North Korea Restarts Nuclear Reactor and Threatens to Attack South

Replicas of North Korea's Scud-B missile (C-background) and South Korean missiles are displayed at the Korean War Memorial in Seoul. The United States views North Korea's recent threats as "saber-rattling and bluster" that will only deepen the country's isolation from the world, the White House said Wednesday. (AFP/Jung Yeon-Je)

North Korea Restarts Nuclear Reactor and Threatens to Attack South

Seoul's participation in US-led ship searches 'equal to declaration of war'

The North Korea nuclear crisis deepened today after the regime reportedly restarted its main nuclear reactor and threatened to attack South Korea if it joined US-led inspections of vessels suspected of carrying weapons of mass destruction.
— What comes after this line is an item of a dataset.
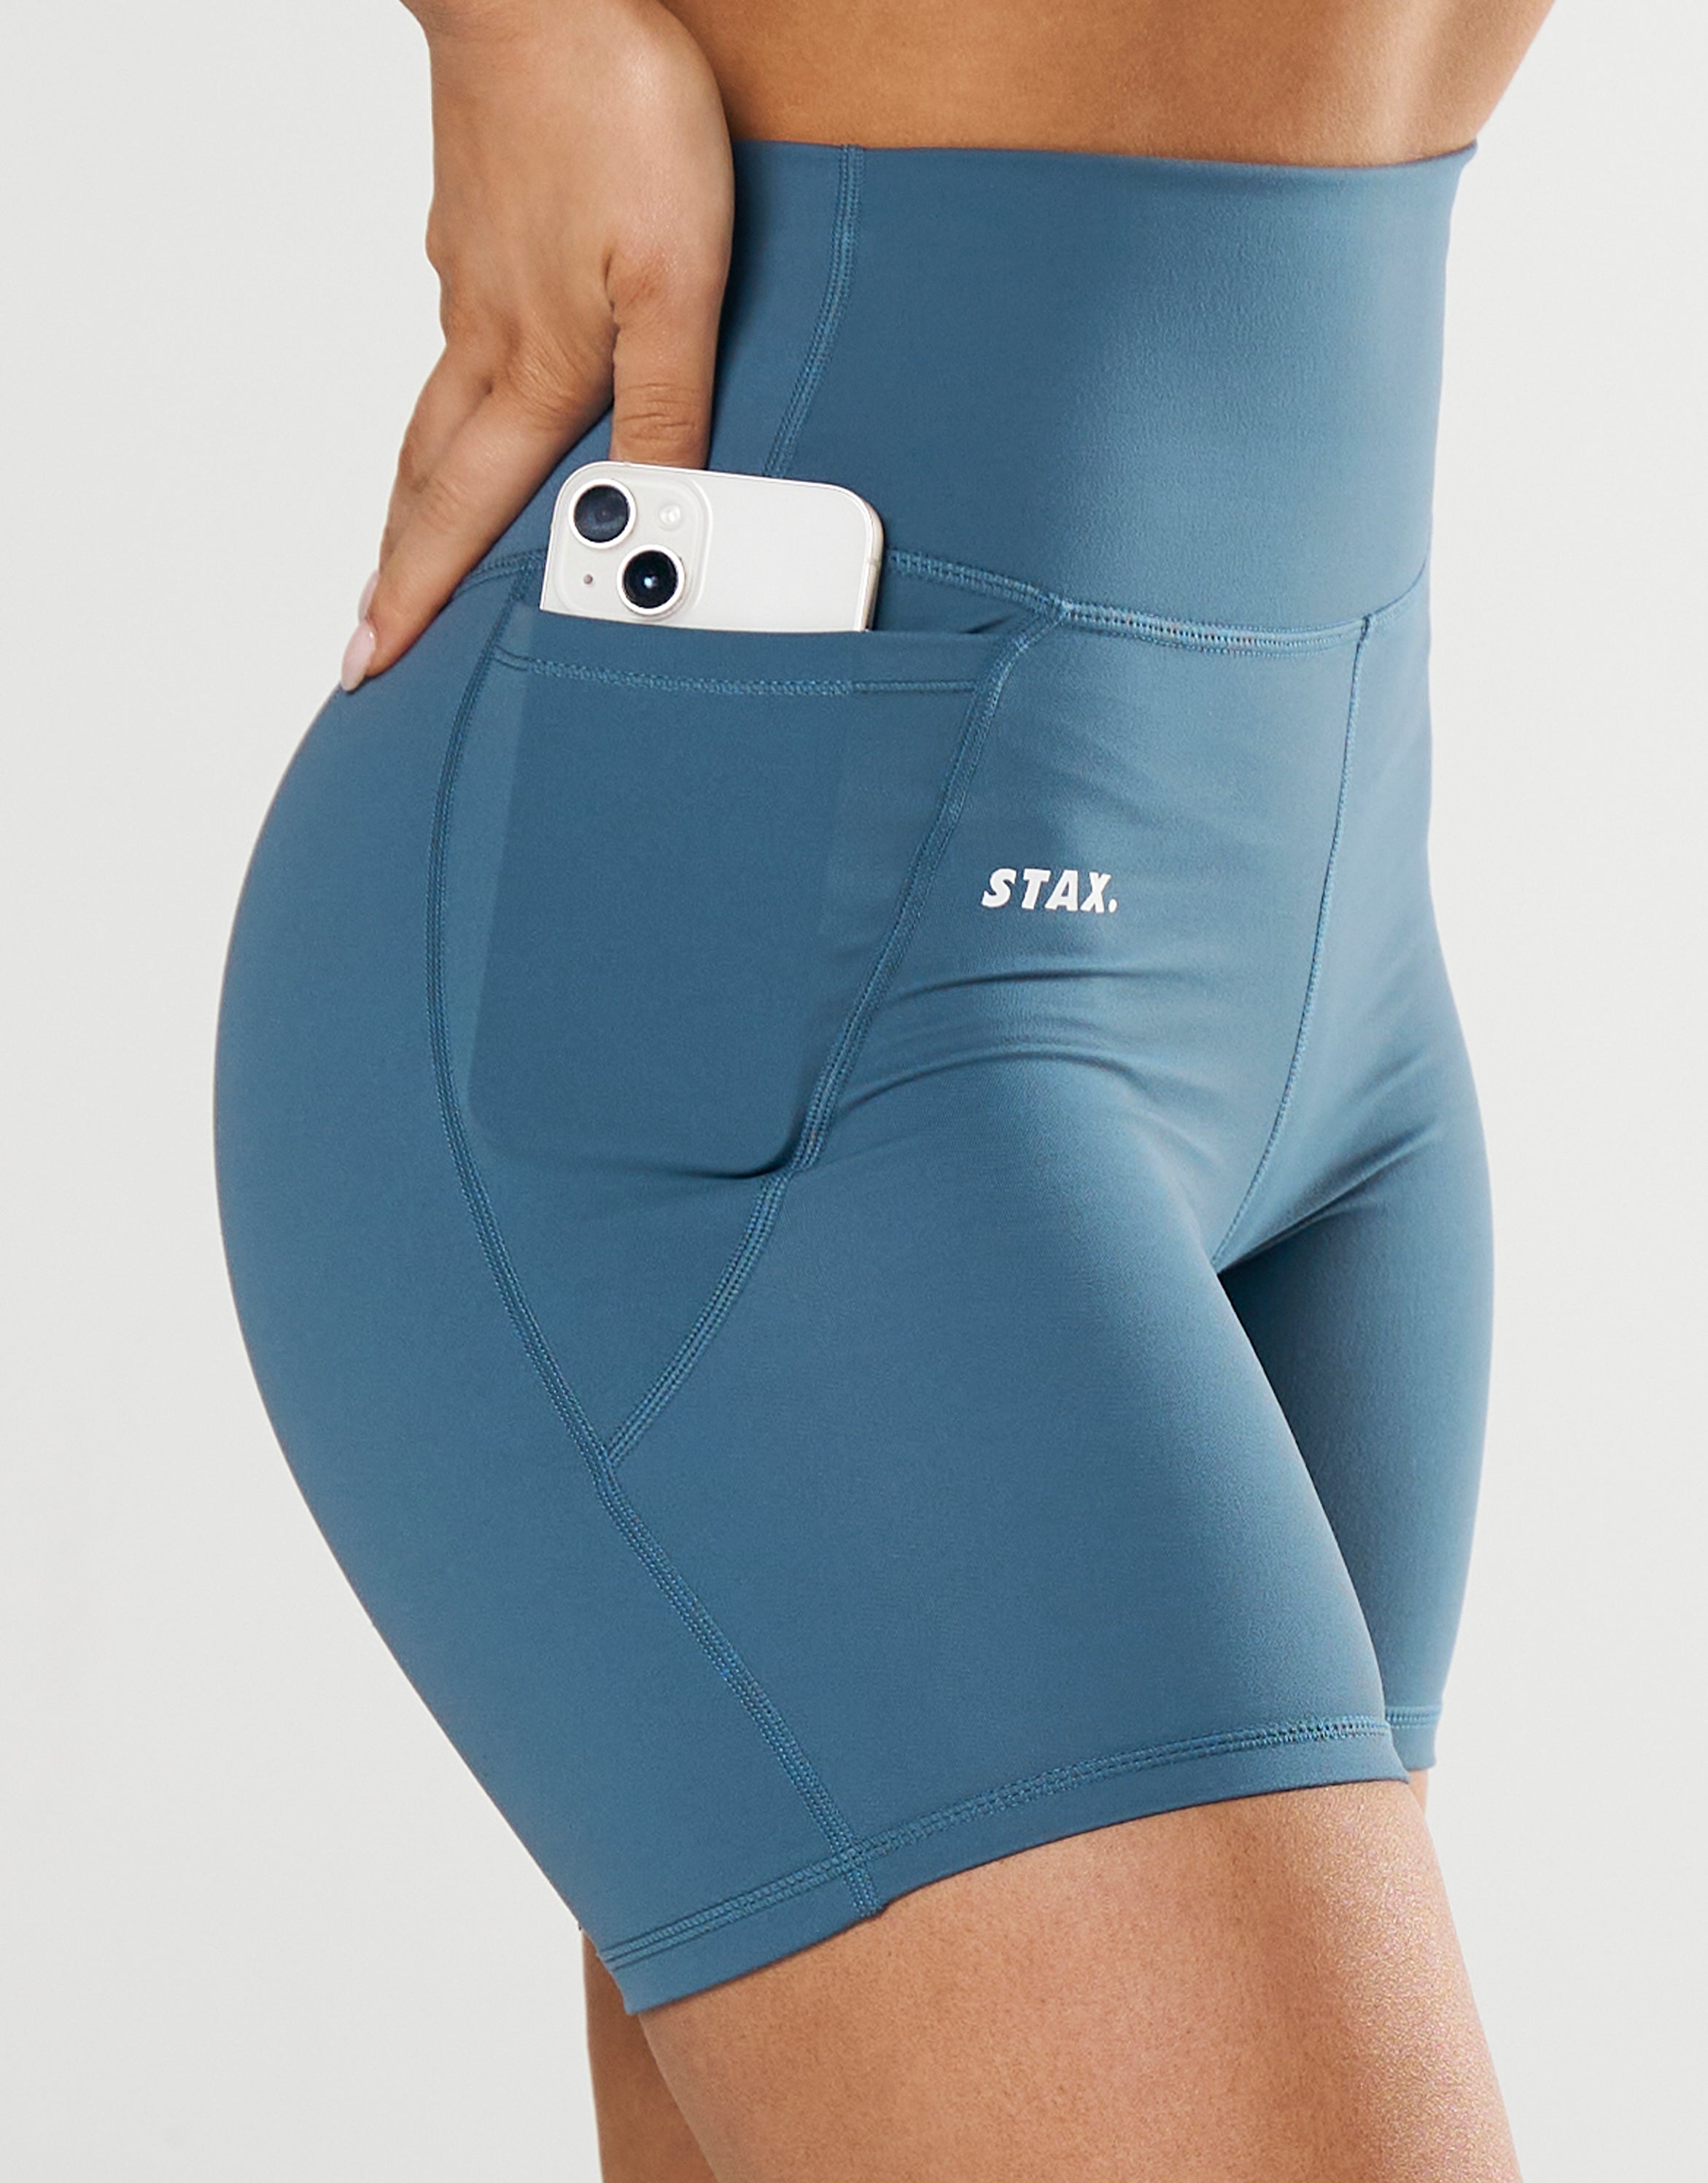 stax-phone-pocket-midi-bike-shorts-nandex-dark-blue

In its most belligerent broadside yet in the standoff, North Korea warned that it would view as a declaration of war any participation by Seoul in the naval exercise, known as the Proliferation Security Initiative.

The state-controlled Korean Central News Agency quoted a North Korean army spokesman as saying: "Any hostile act against our peaceful vessels including search and seizure will be considered an unpardonable infringement on our sovereignty and we will immediately respond with a powerful military strike."

The statement added that the regime no longer considered itself bound by the armistice that ended the Korean war in 1953. The demarcation line separating north from south is among the most heavily fortified borders in the world.

The latest round of provocation comes amid reports that the north test-fired two more short-range missiles yesterday, bringing to five the number of rockets it has launched this week. A South Korean defence official said the north had fired two missiles on Monday, not three as reported in the media.

On Monday, North Korea enraged the US and irritated its allies China and Russia after conducting a nuclear weapons test, its second in three years.

The UN security council condemned the test and is reportedly considering adding to the sanctions agreed after Pyongyang detonated its first nuclear weapon in October 2006.

North-south tensions have been mounting since yesterday, when South Korea said it would assist the US in intercepting ships suspected of carrying missiles.

The north accused the US, a signatory of the armistice, of "dragging" the south into the naval inspections programme as part of its "hostile policy" against Pyongyang, adding that it could not guarantee the safety of South Korean and US naval vessels sailing near the disputed western Korean sea border.

The north appeared to have made good on a threat to restart its main nuclear reactor, which it had started to dismantle two years ago as part of a now ruined aid-for-disarmament deal reached at six-party talks in Beijing.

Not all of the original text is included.